Fire, I noticed you use heat for your first two coats, and redi for the third. I went through a phase where I was using three coats of 45 mix. I was getting blisters in the finish at times. No one I spoke to about it could tell me why, even though I told them what my system was. I searched and searched online, finally found a remote website where a guy said no no to my system. Turns out the plaster content, the heat in the 45, was causing a reaction in the paint and creating blisters, even when primed. Changed my system and blisters gone. Did you learn this way as well, or are you just smarter than the average bear:laughing:? 



sdsester said:


> I use the mesh tape for repairing cracks only. Otherwise slap on the mud, press the paper tape in, scrape of the excess and come back to skim coat and so forth a day later. I have never been able to press the fiber stuff into mud without catching some of it with my knife. It takes so much longer to work with it.

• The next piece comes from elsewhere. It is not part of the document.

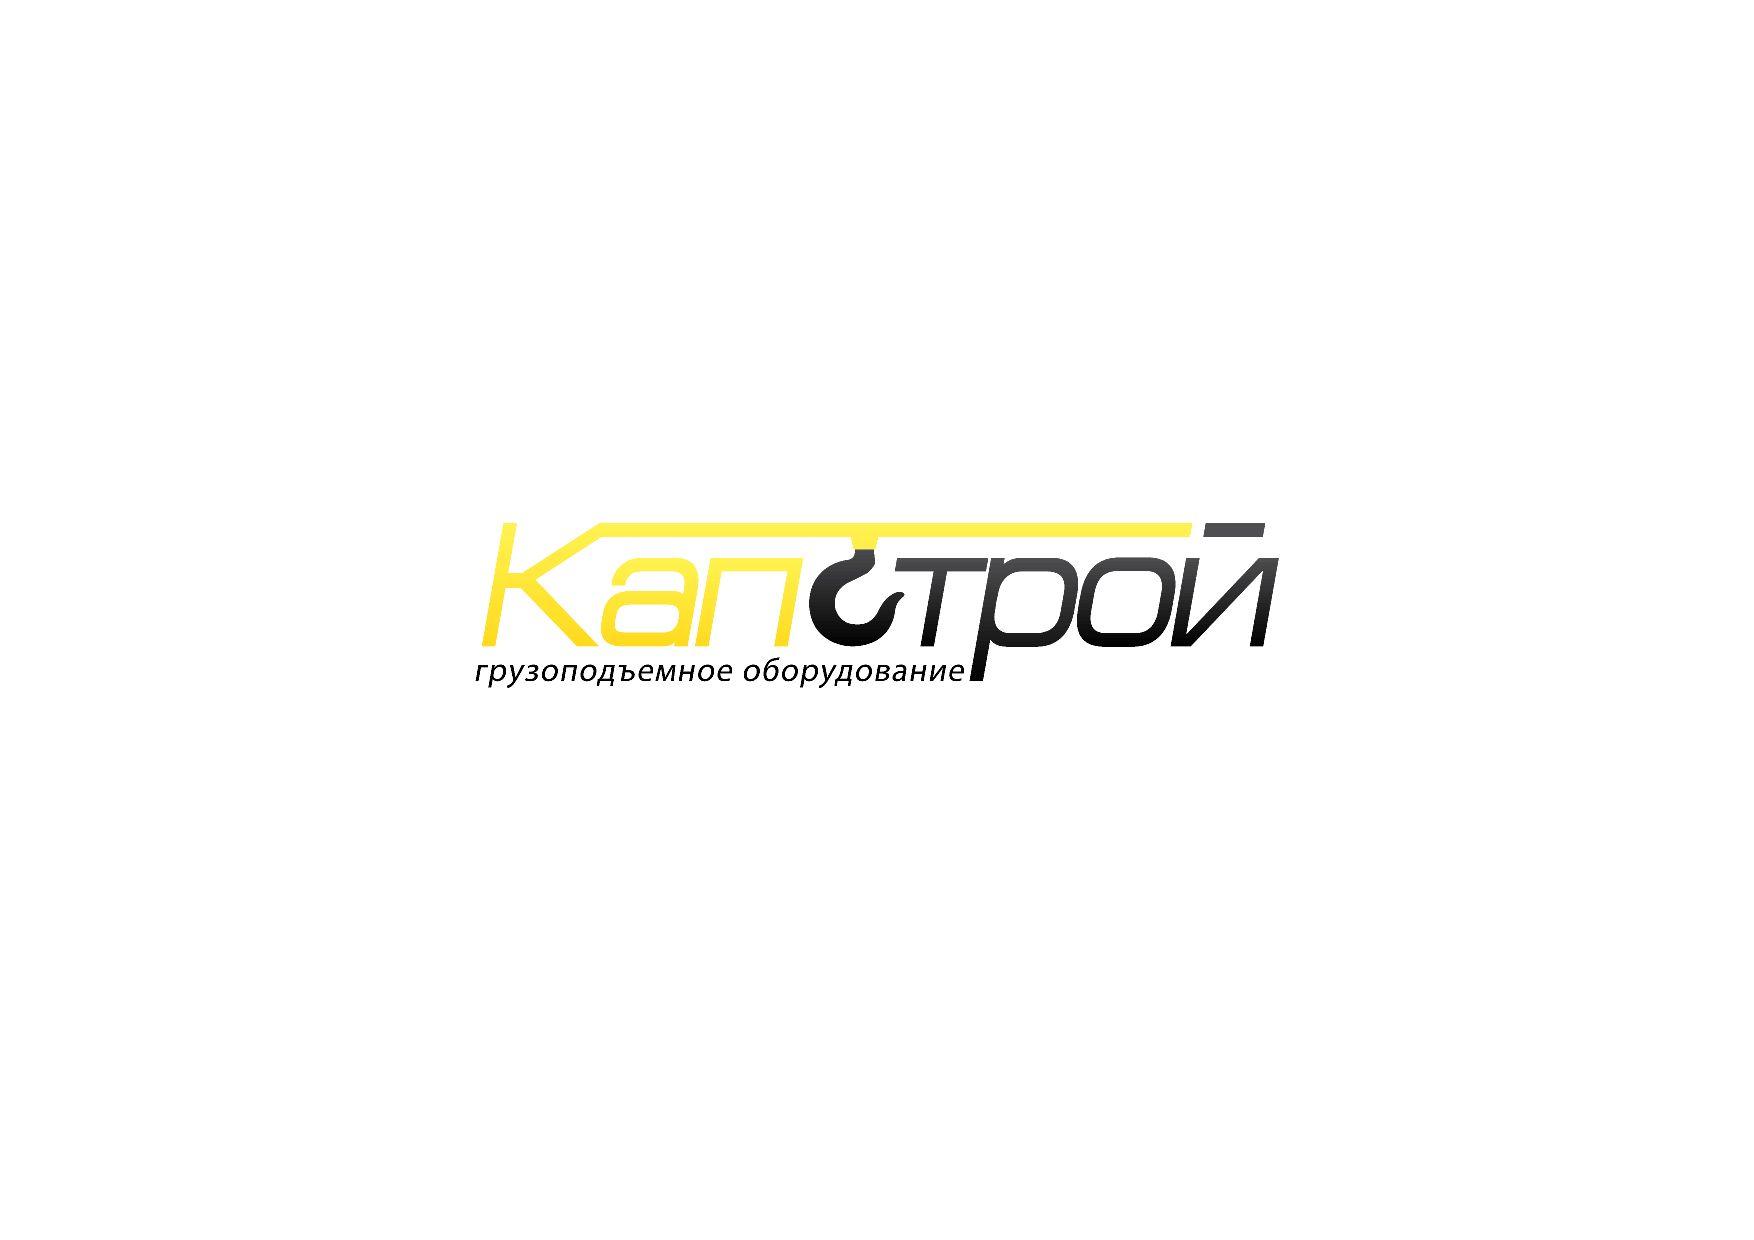 Лого и фирменный стиль для Капстрой  - дизайнер Krupicki

Sdsester, you say press the mesh into mud. I worked with a guy a few years ago who used to put the mesh in a bed of mud and he had the same problem, no bed for mesh, straight on the surface. The mesh adhesive tape presses onto the wall and gets skimmed over. I use mesh all the time and never have that problem. I start the tape on the crack, press it down with my blade as I roll out, and cut it with the blade at the end by pulling the roll back toward me over the edge of the blade. One smooth continuous move.


----------



## Brushjockey

I also do 2 hot, then plus 3. Mainly for ease of sanding. I have also found that if you top before the moisture is out of the hot mud the plus3 will bubble much less. Never much of an adhesion prob this way.


----------



## jsheridan

Brushjockey said:


> I also do 2 hot, then plus 3. Mainly for ease of sanding. I have also found that if you top before the moisture is out of the hot mud the plus3 will bubble much less. Never much of an adhesion prob this way.


Plus3 ??????

Also, if you read the powder mix instructions it says you can recoat after 45 minutes, even it appears a bit gray (wet). I always over allow for drying prior to recoating, takes more time but minimizes chance of failure.


----------



## rehabob

*Right Product?*



firehawkmph said:


> I use easisand 45 and 90 for the first two coats and finish up with redi-mix dust control. Mike Hawkins


Mike - when you mention 'easisand 45', is it this *product* (Easy Sand)? I'd like to try your method on the next project.
--------------------------------------------
*CMHbob*
Visit my *blog* for my latest project and reno tips!


----------



## jsheridan

CMHbob said:


> Mike - when you mention 'easisand 45', is it this *product* (Easy Sand)? I'd like to try your method on the next project.
> --------------------------------------------
> *CMHbob*
> Visit my *blog* for my latest project and reno tips!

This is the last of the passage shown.